SR does not simply juxtapose claims; it also juxtaposes the wisdoms with respect to which those claims are made.[9] Moreover, SR sets various wisdoms into relation in a particular way: by setting them to work offering reasons for claims about the decontextualized objects publicly available in an SR session. SR fosters empirical attention to these particulars, putting them under the microscope, as it were. This, in turn, gives rise to two different kinds of thinking, distinguished by whether or not evidence is publicly available to decide a particular question. Where participants make claims that can be empirically verified or falsified by appeal to publicly available information, their arguments are primarily inductive. Sometimes induction occurs nearly automatically, e.g., when someone observes uncontroversially that a word is repeated several times in a passage. Frequently, however, one participant utters something that she regards as obvious but which other readers find dubious. Under these circumstances, her claim is modalized so that it comes to function as a hypothesis to be tested against the decontextualized particulars at hand.

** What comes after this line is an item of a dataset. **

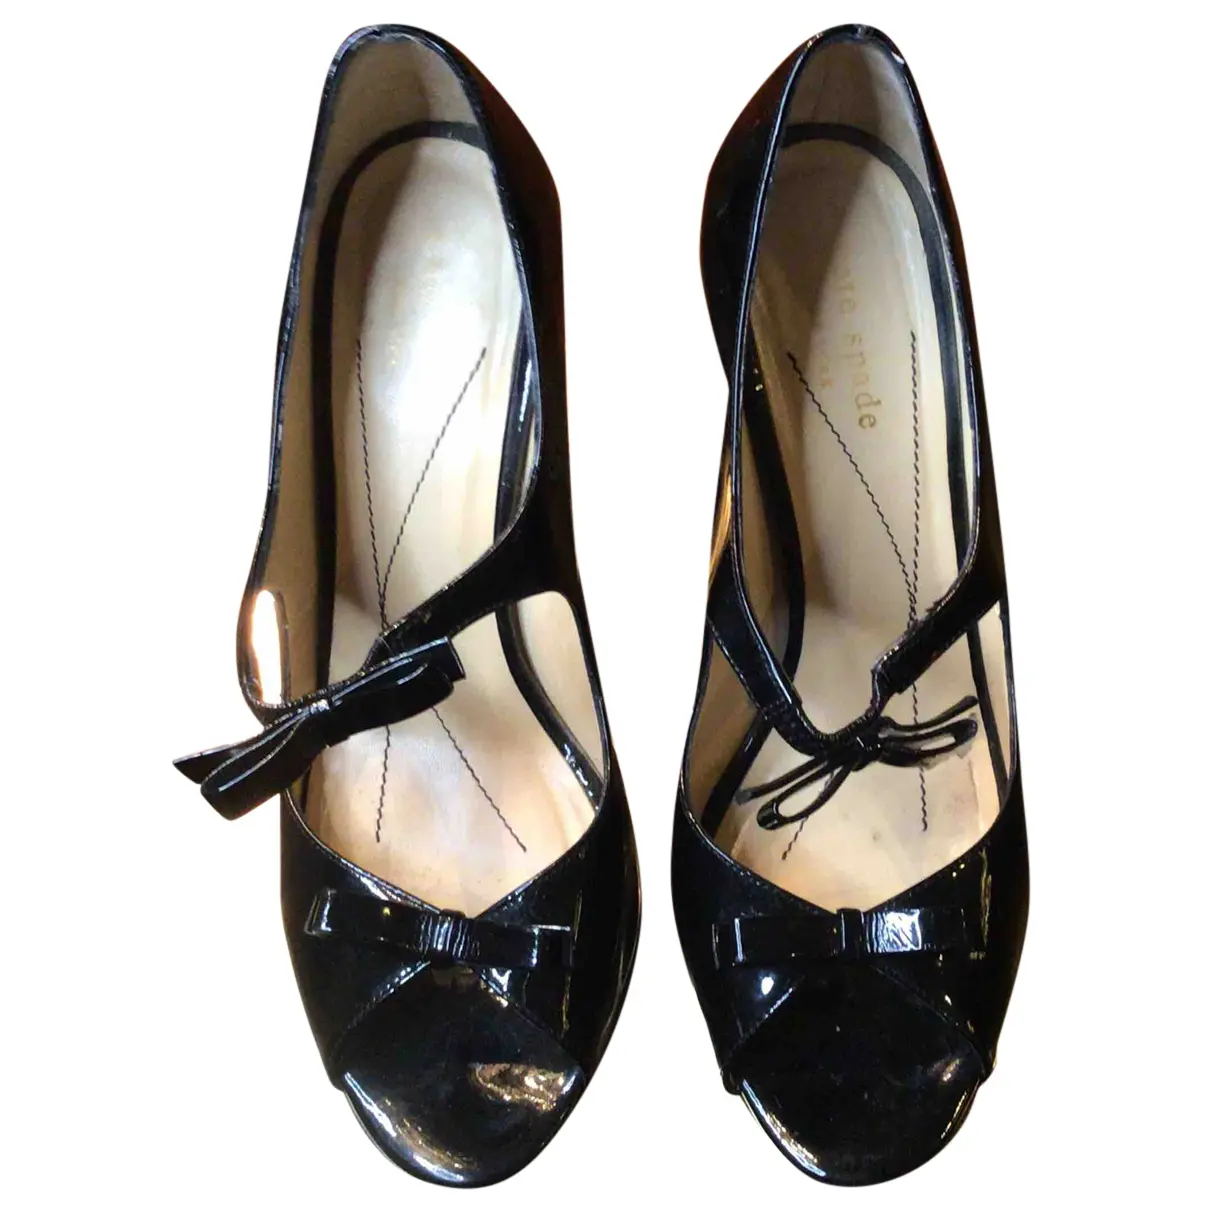 Patent leather heels Kate Spade

The more a claim’s content is narrowly restricted to the text at hand, the easier it is to verify. By contrast, very broad hypotheses are not much confirmed by a single positive instance. On the other hand, broad hypotheses can be easily falsified by a single case. For example, one member’s assertion that “the Old Testament God is a God of judgment” is likely to be regarded as empirically inadequate by other group members if the text at hand speaks of “the Lord, abounding in mercy.” If the group reaches agreement that her initial claim is untenable, she who upheld the falsified hypothesis must modify it to fit the case at hand—minimally, by qualifying her general claim into a narrower claim such as, “the OT God is often a God of judgment.”  One of the functions of SR is to effect this qualification of general claims and to cultivate more generally a wisdom that eschews overly general claims.

On the other hand, participants may make claims that cannot be fully evaluated without reference to non-public information. Frequently, what happens in such a case is that members of the group explore multiple possible contextualizations of a given passage, many of which often yield plausible readings of the text. For example, a Muslim reader might refer a biblical story about Moses to her expectations for the prophet formed by the Qur’anic narratives, while Jews and Christians might do the same for the biblical narrative, and these alternative possible contexts might produce different possible readings of the same text. (Again, frequently some individual simply assumes one contextualization, which is only modalized when challenged by another participant).

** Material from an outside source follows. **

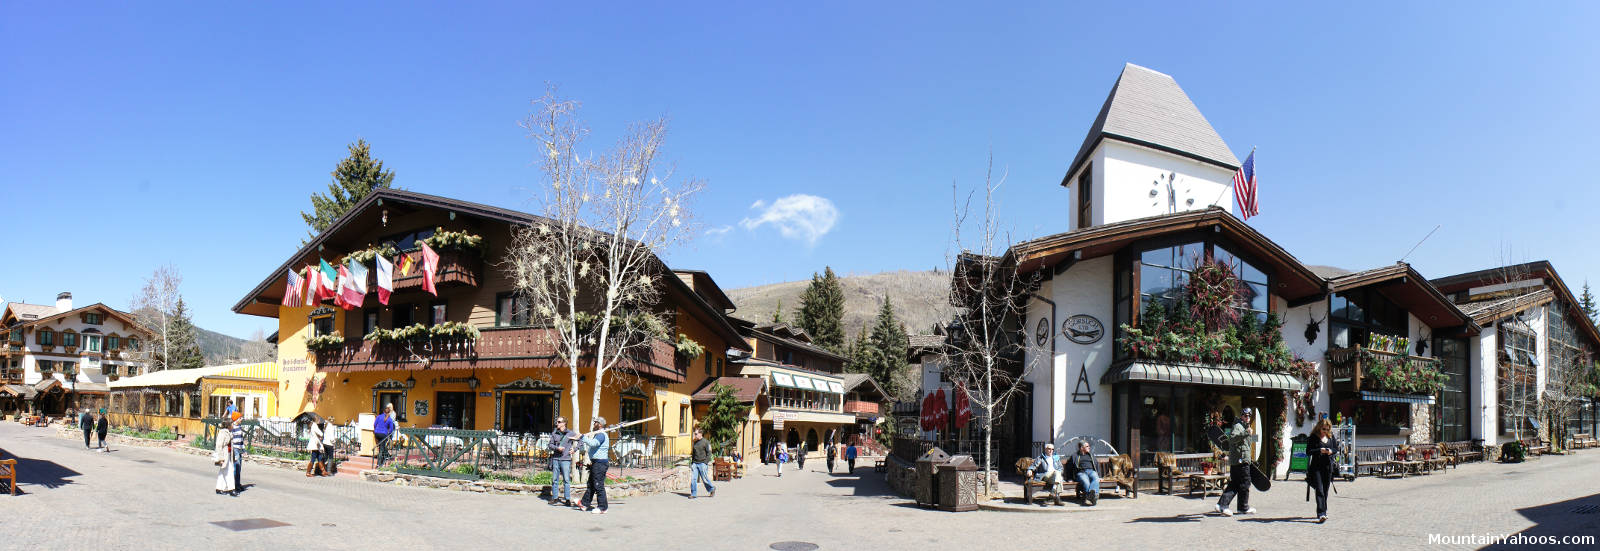 View of Vail Village

I find it useful to compare the corporate product of such activity to a lexicon, which maps a space of possible meanings of a word with reference to a series of vaguely determined possible contexts. In a similar fashion, an exploration of several possible readings of a scriptural text in an SR session can be seen as mapping a space of possible interpretations in possible scriptural, traditional, or social contexts. Unlike a historical lexicon, however, which records uses of a word in known actual contexts, the juxtaposition of different individuals and traditions encourages the consideration of a much wider range of contexts, many of which are novel or purely hypothetical. For example, a Christian text may be read as though it were part of the Qur’an, or a text may be read in light of some fanciful proposal. To explore such a reading is not, perhaps, to know what the text ‘means’ in any ordinary sense, but rather to experiment with what the text would mean supposing such and such were the case. I call this activity the production of a hypothetical lexicon.[10]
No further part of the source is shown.